- **ABOUT THIS EXERCISE**
Your task is to return the listing below word for word, without any of its images.

- **DATA EXTRACT**

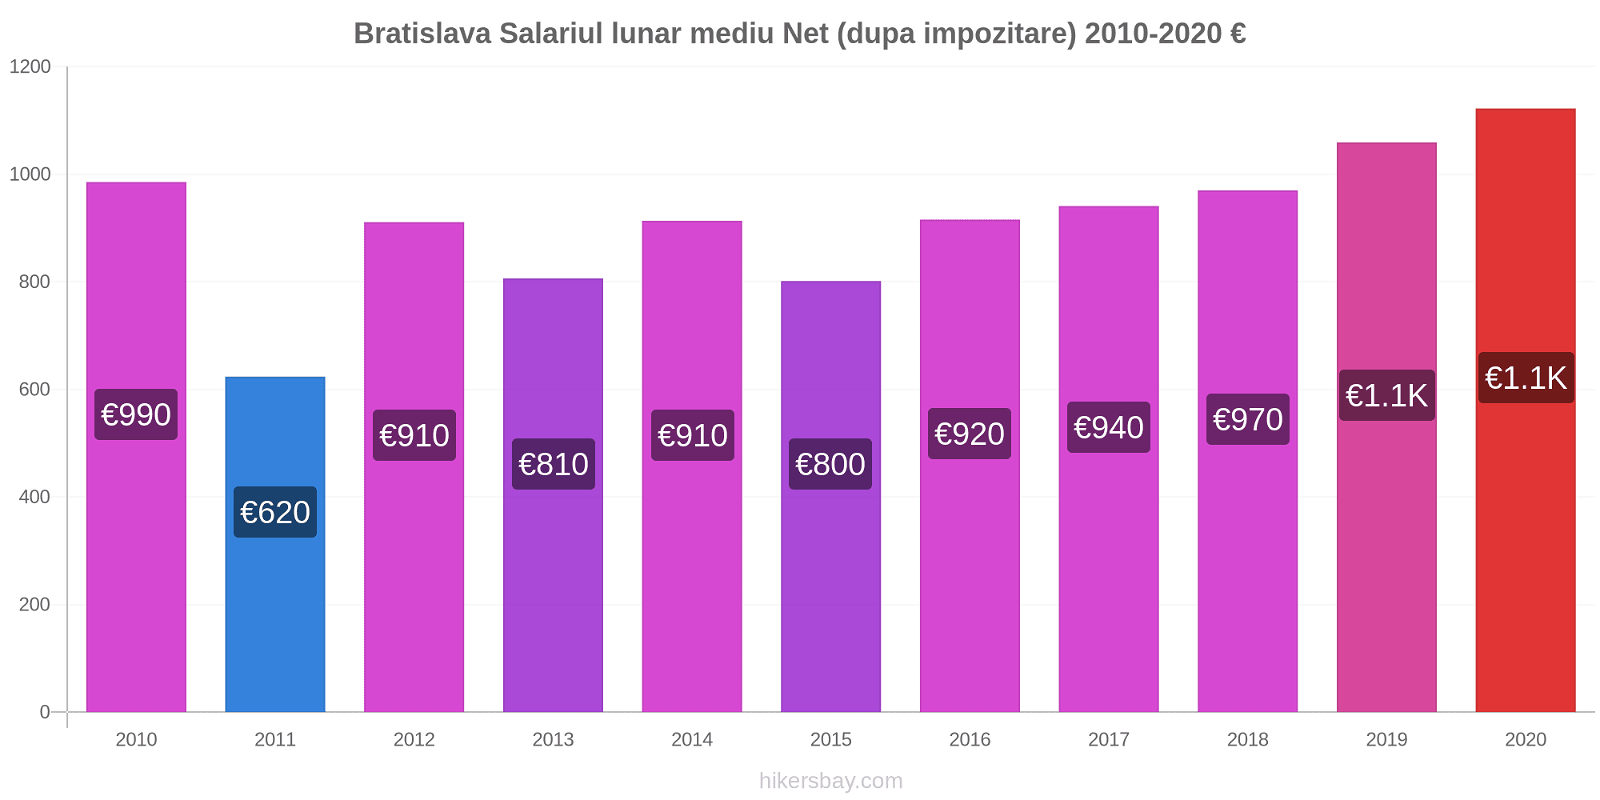 Bratislava modificări de preț Salariul lunar mediu Net (dupa impozitare) hikersbay.com
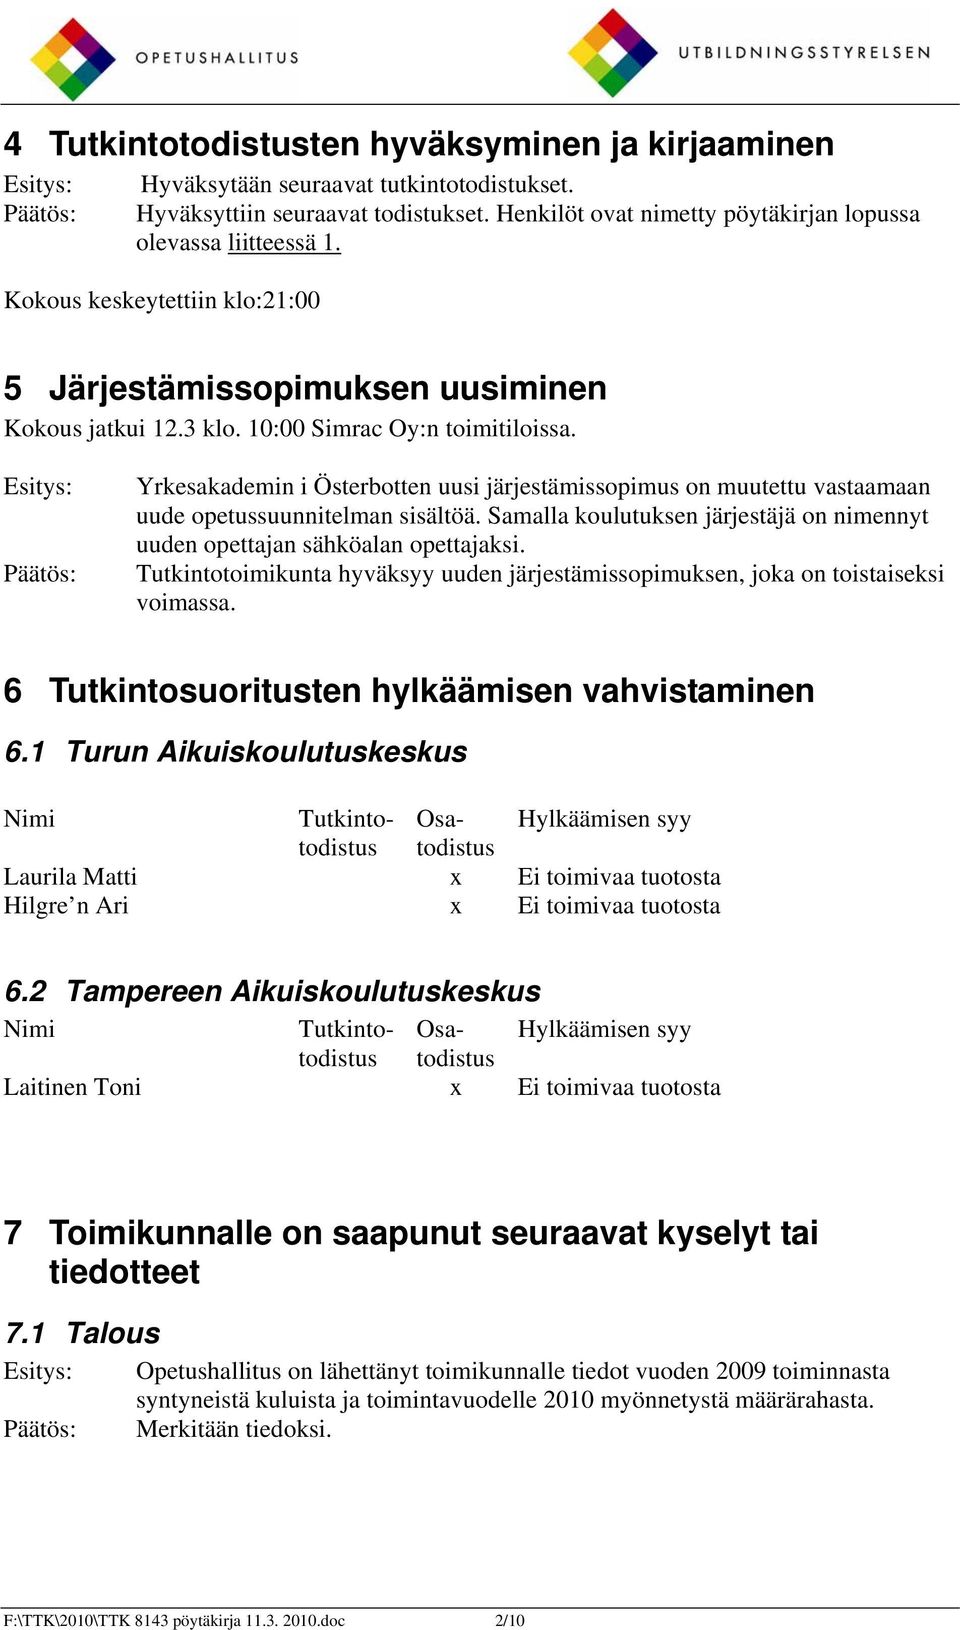 Esitys: Päätös: Yrkesakademin i Österbotten uusi järjestämissopimus on muutettu vastaamaan uude opetussuunnitelman sisältöä.
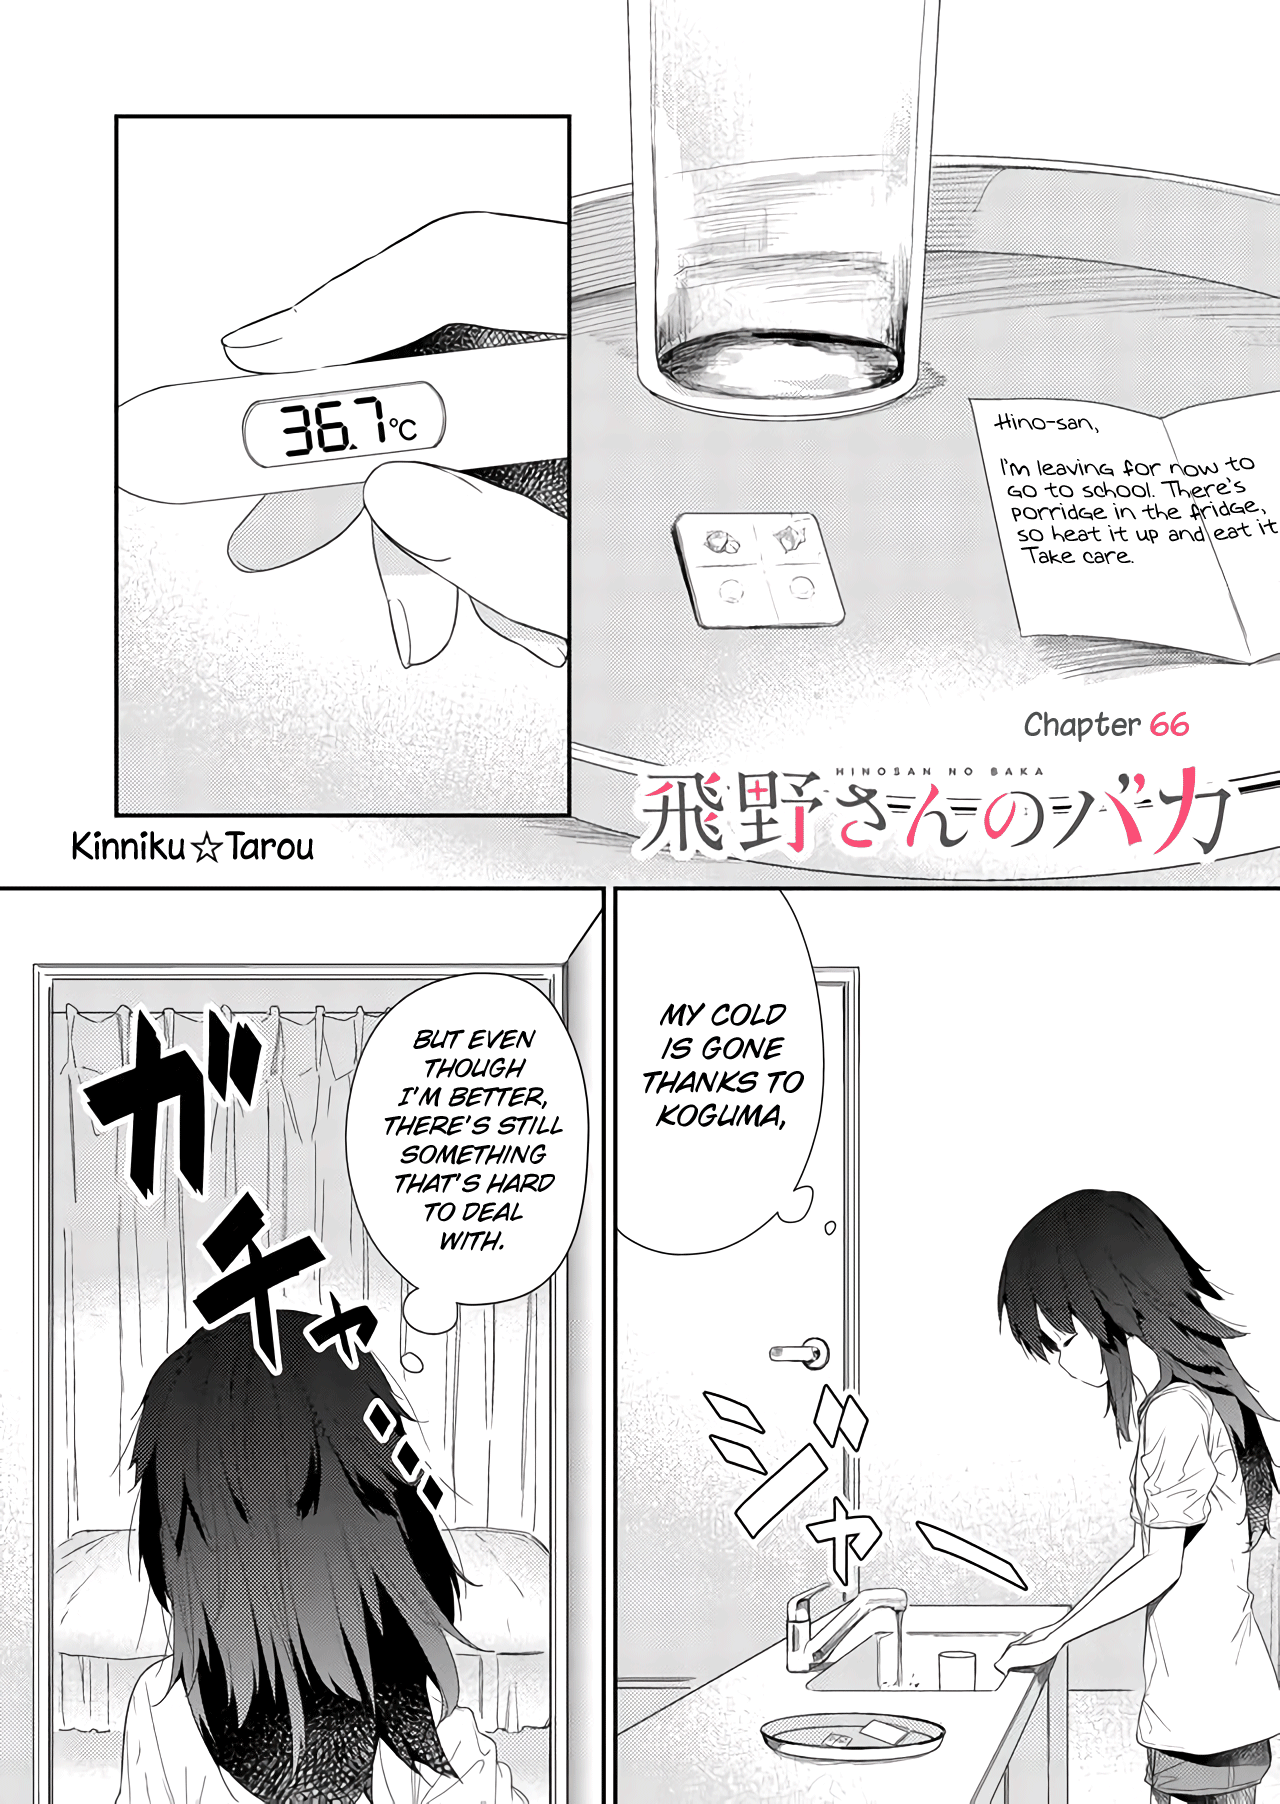 Hino-San No Baka - Page 1

- **RESPONSE**
 Bratislava modificări de preț Salariul lunar mediu Net (dupa impozitare) hikersbay.com
 Esitys: Päätös: Yrkesakademin i Österbotten uusi järjestämissopimus on muutettu vastaamaan uude opetussuunnitelman sisältöä.
 Hino-San No Baka - Page 1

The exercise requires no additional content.